What to do: After locating the line with "Detox- Thé vert, Maté, Citron - Kusmi Tea", repeat it and every following line to the end of the listing, exactly. Omit the pictures.

--- Provided material Enclosed Below ---

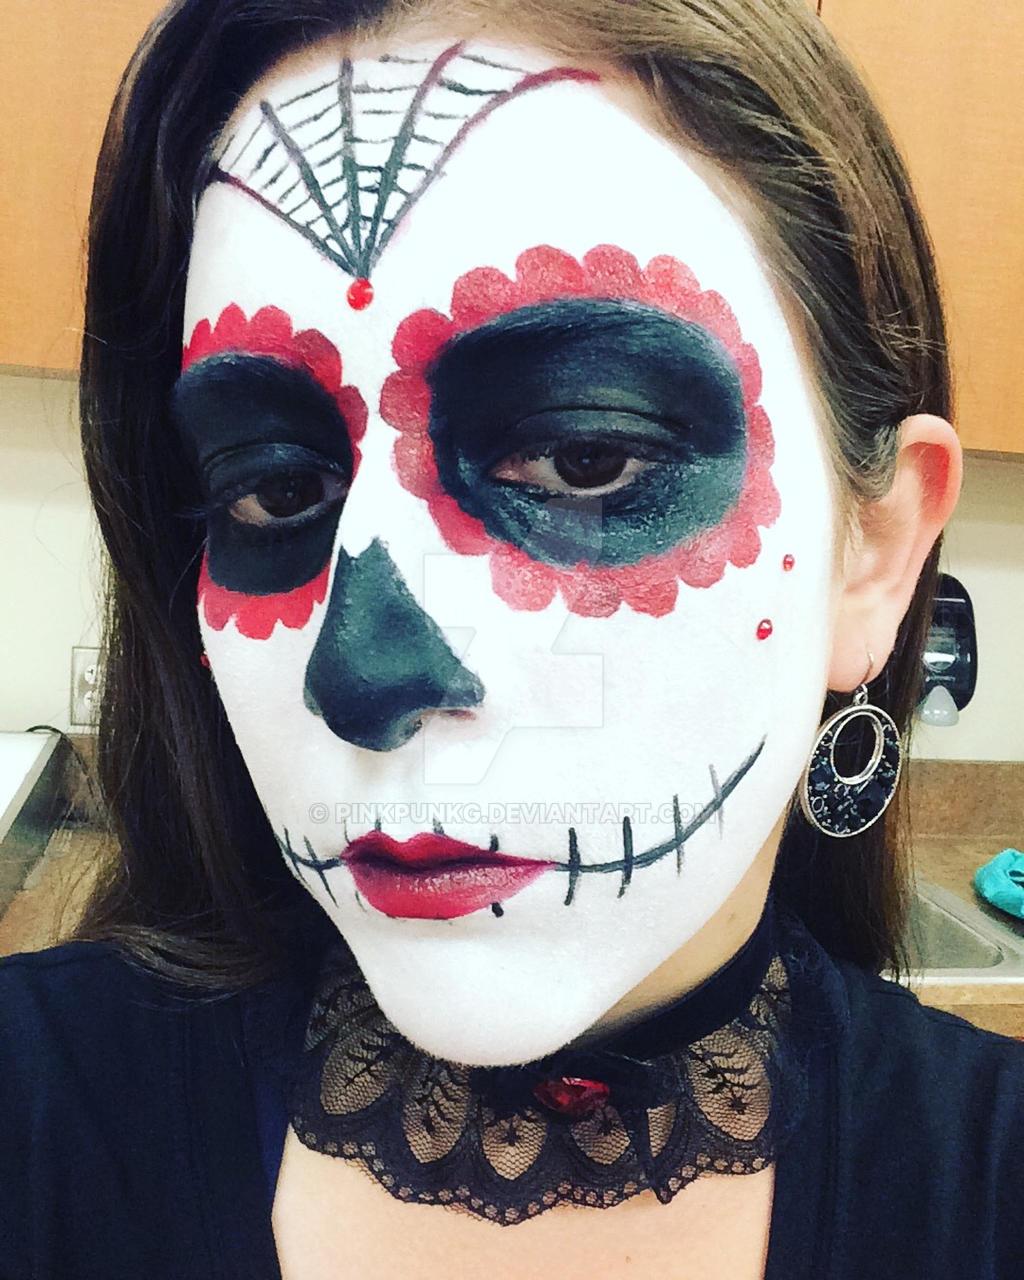 ... Dia de los muertos Makeup by PinkPunkG
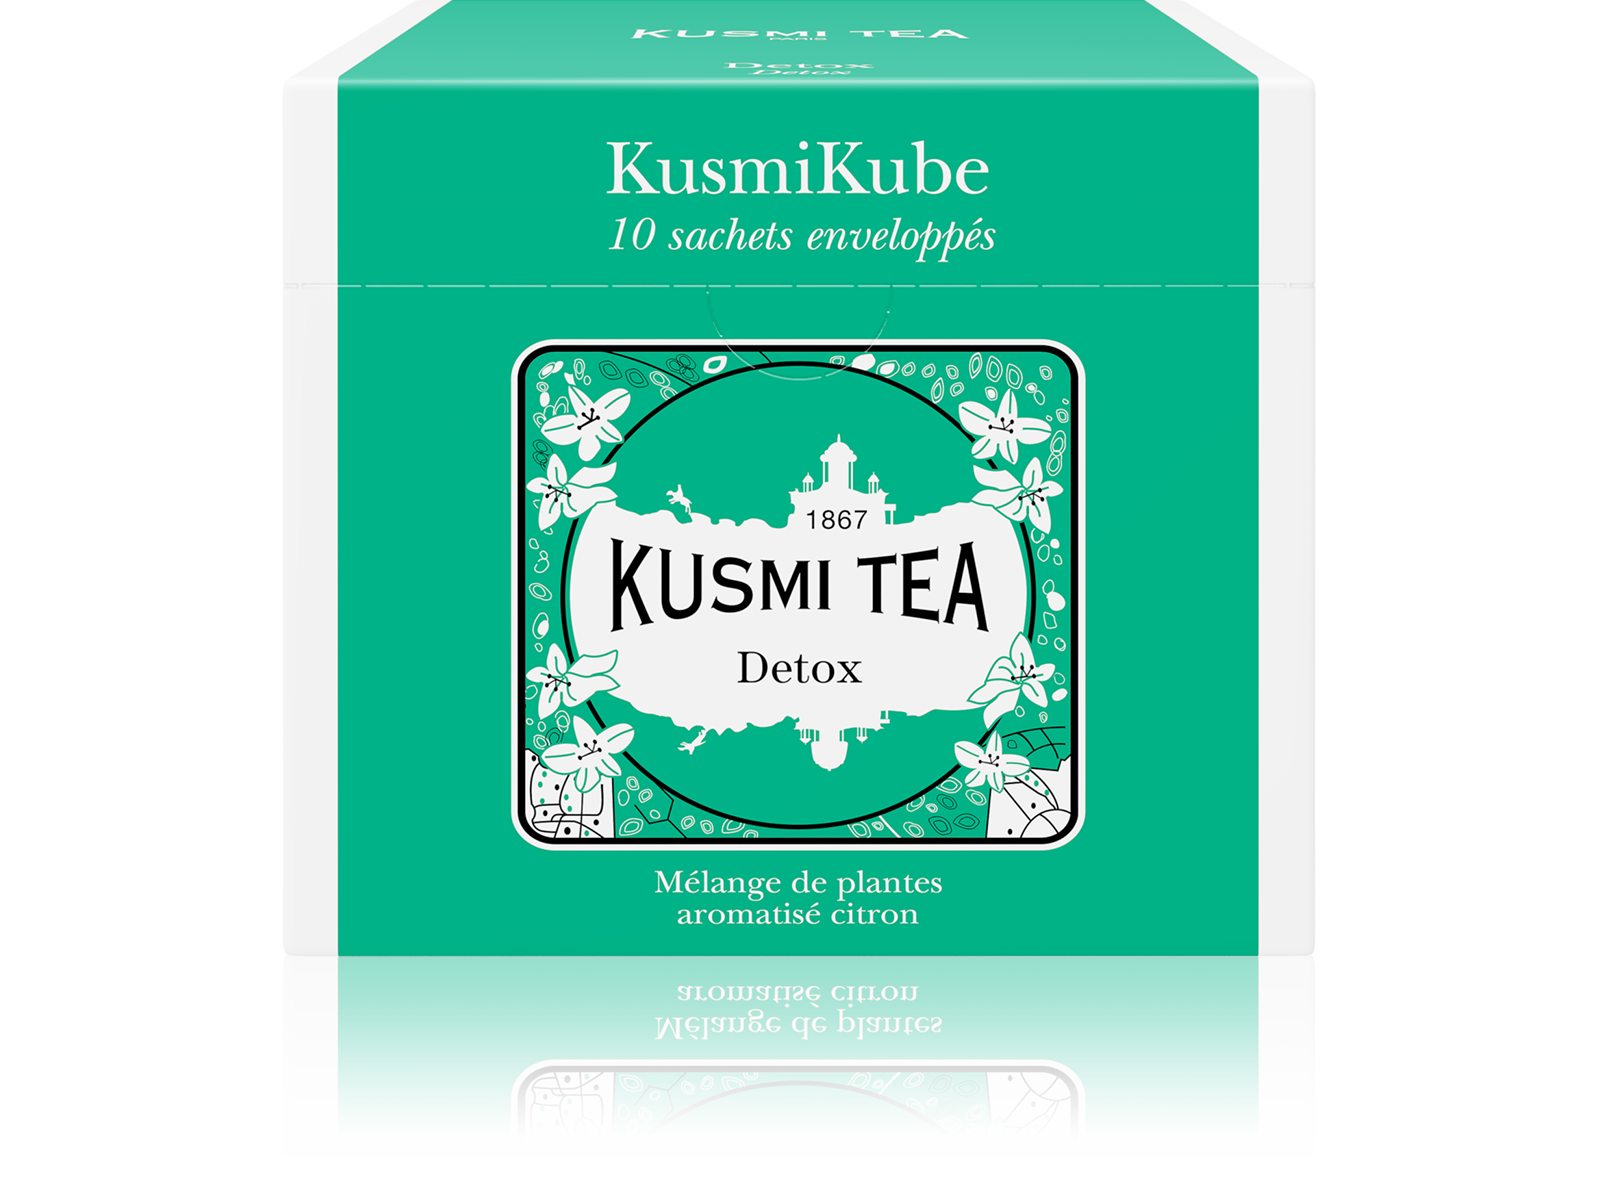 Detox- Thé vert, Maté, Citron - Kusmi Tea
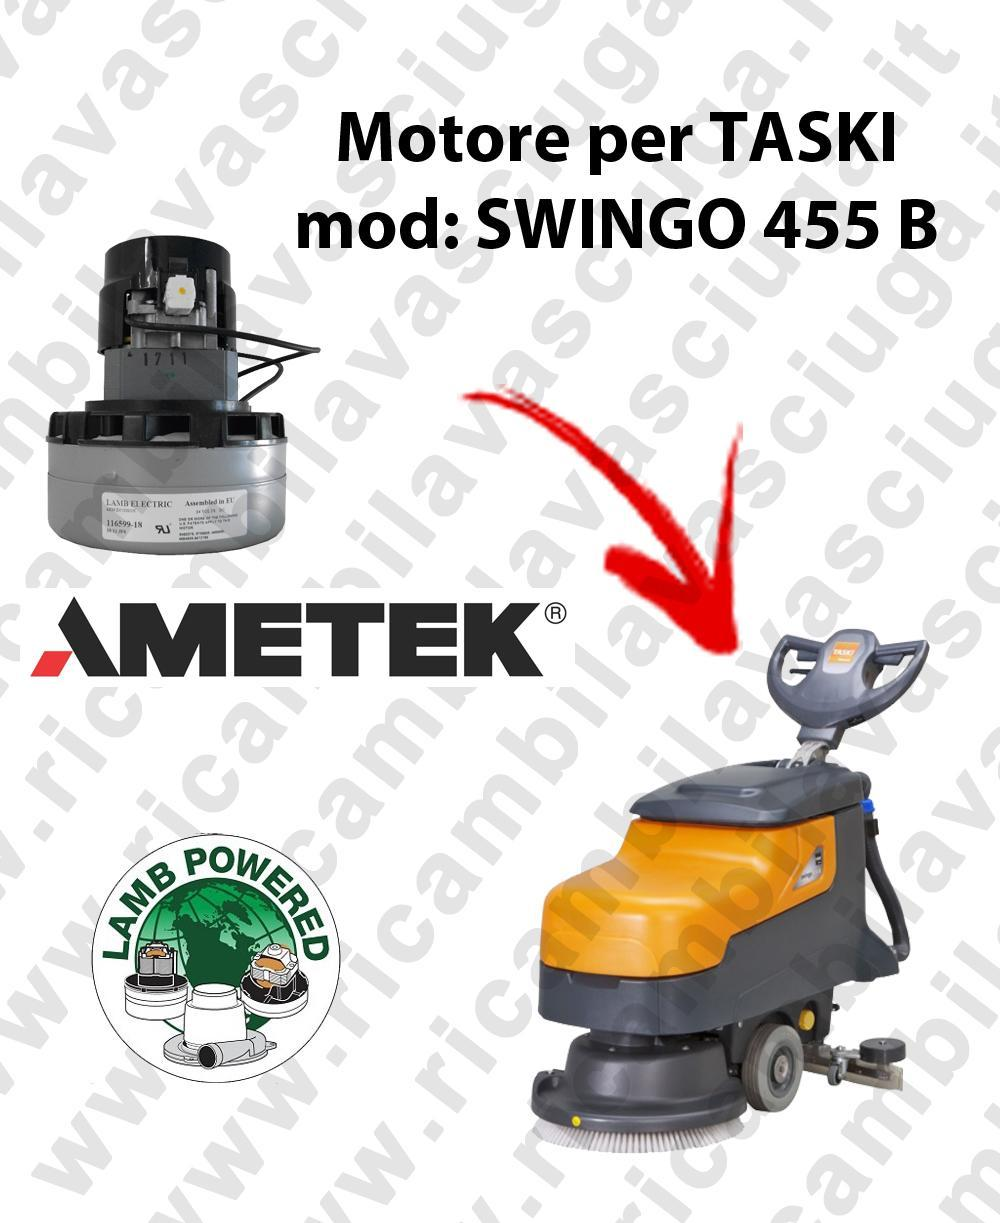 SWINGO 455 B MOTEUR ASPIRATION LAMB AMATEK pour autolaveuses TASKI
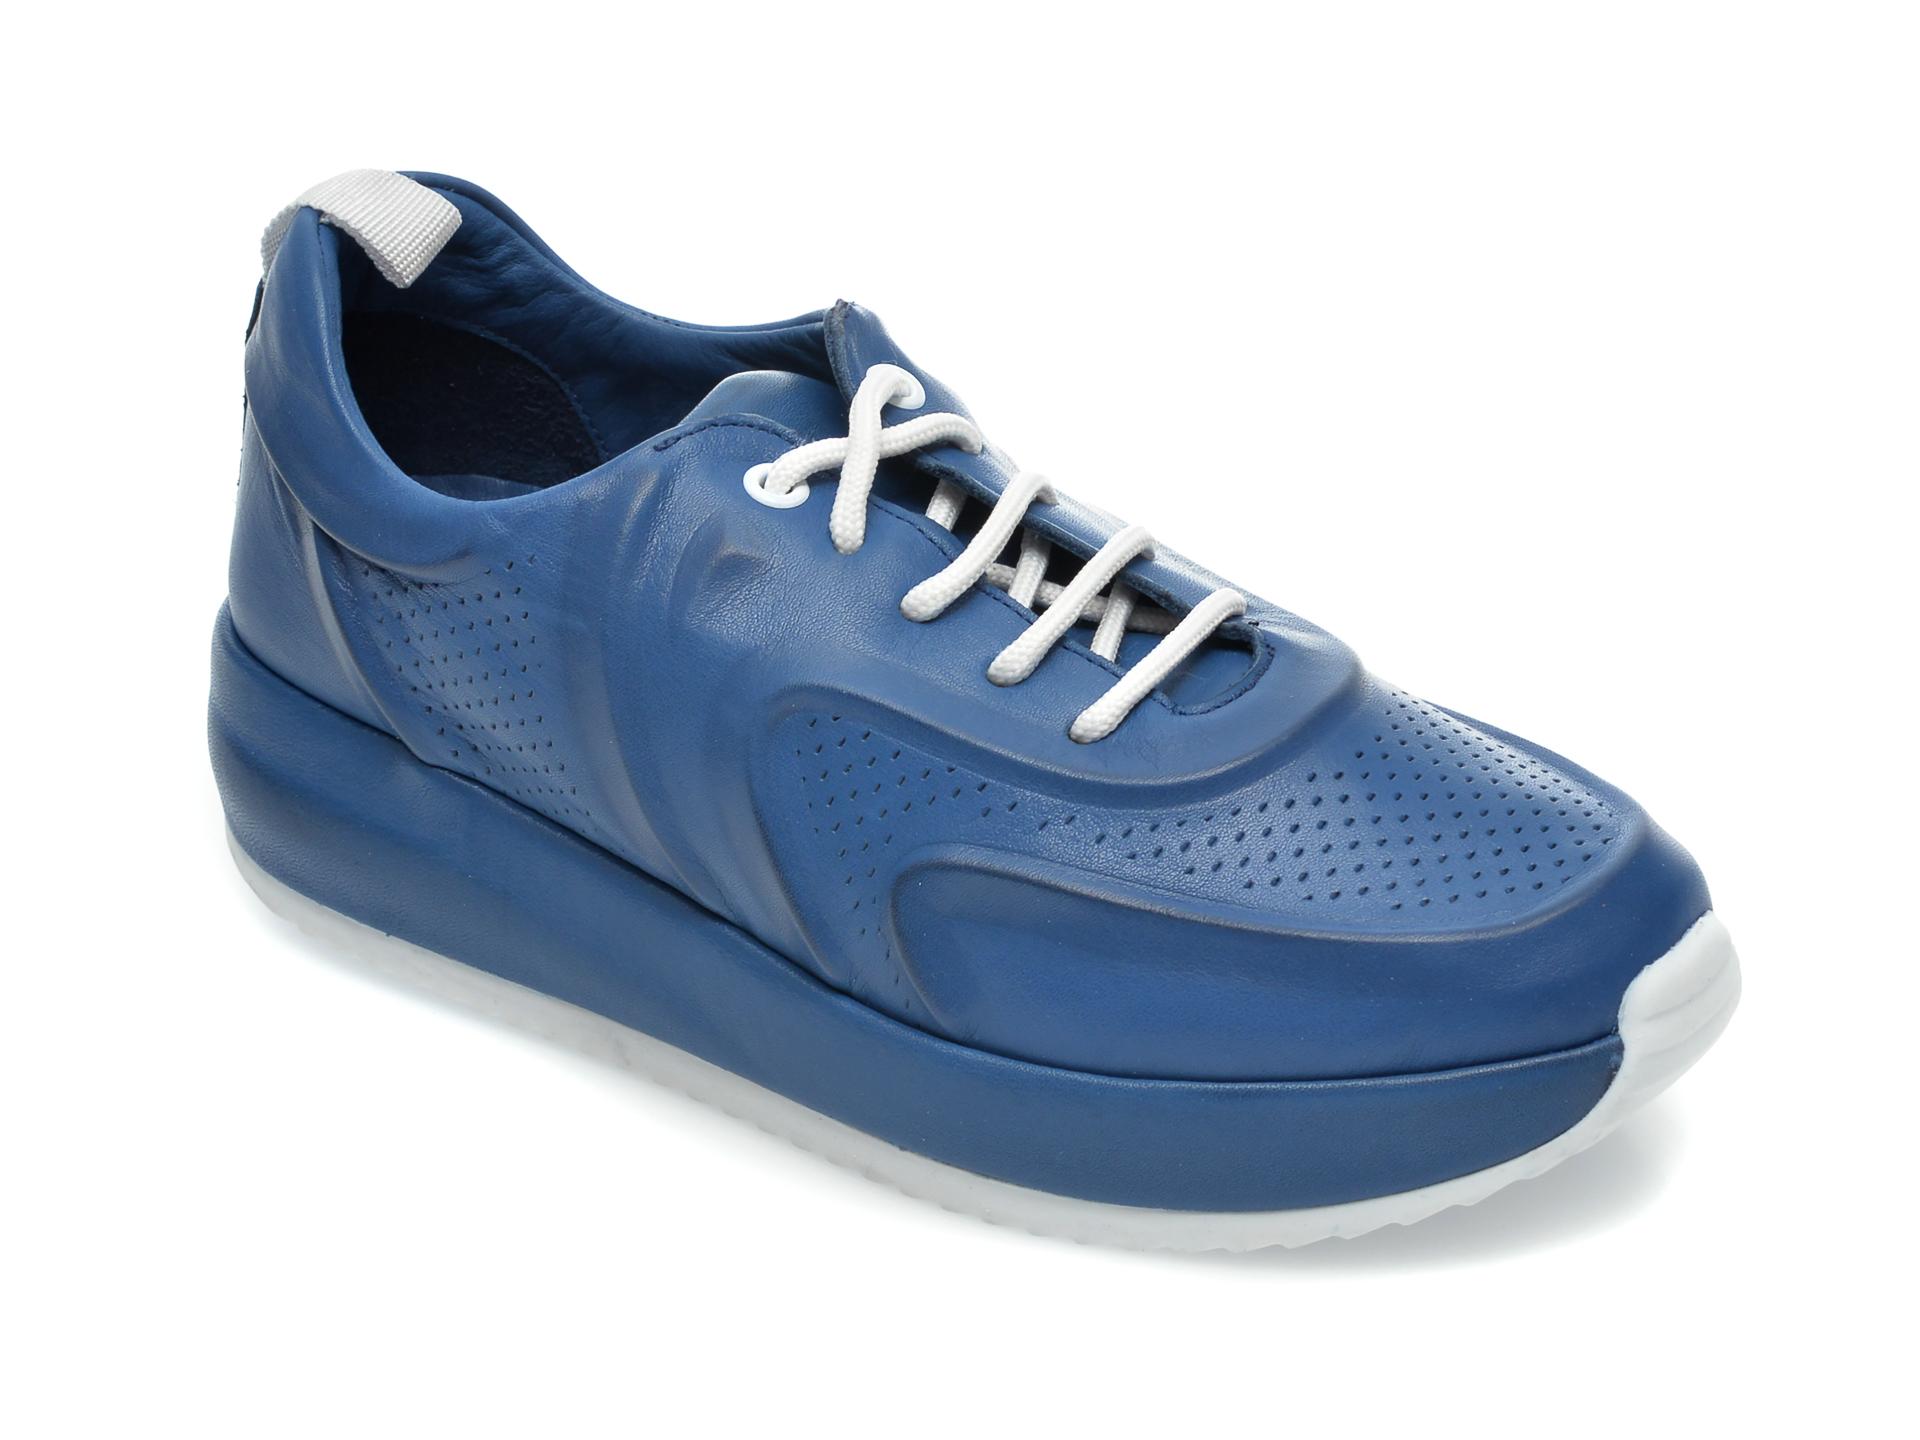 Pantofi Flavia Passini Albastri, 109078, Din Piele Naturala

--- End of Enclosed Provided material ---

Output below:
 Detox- Thé vert, Maté, Citron - Kusmi Tea
 SWINGO 455 B MOTEUR ASPIRATION LAMB AMATEK pour autolaveuses TASKI
 Pantofi Flavia Passini Albastri, 109078, Din Piele Naturala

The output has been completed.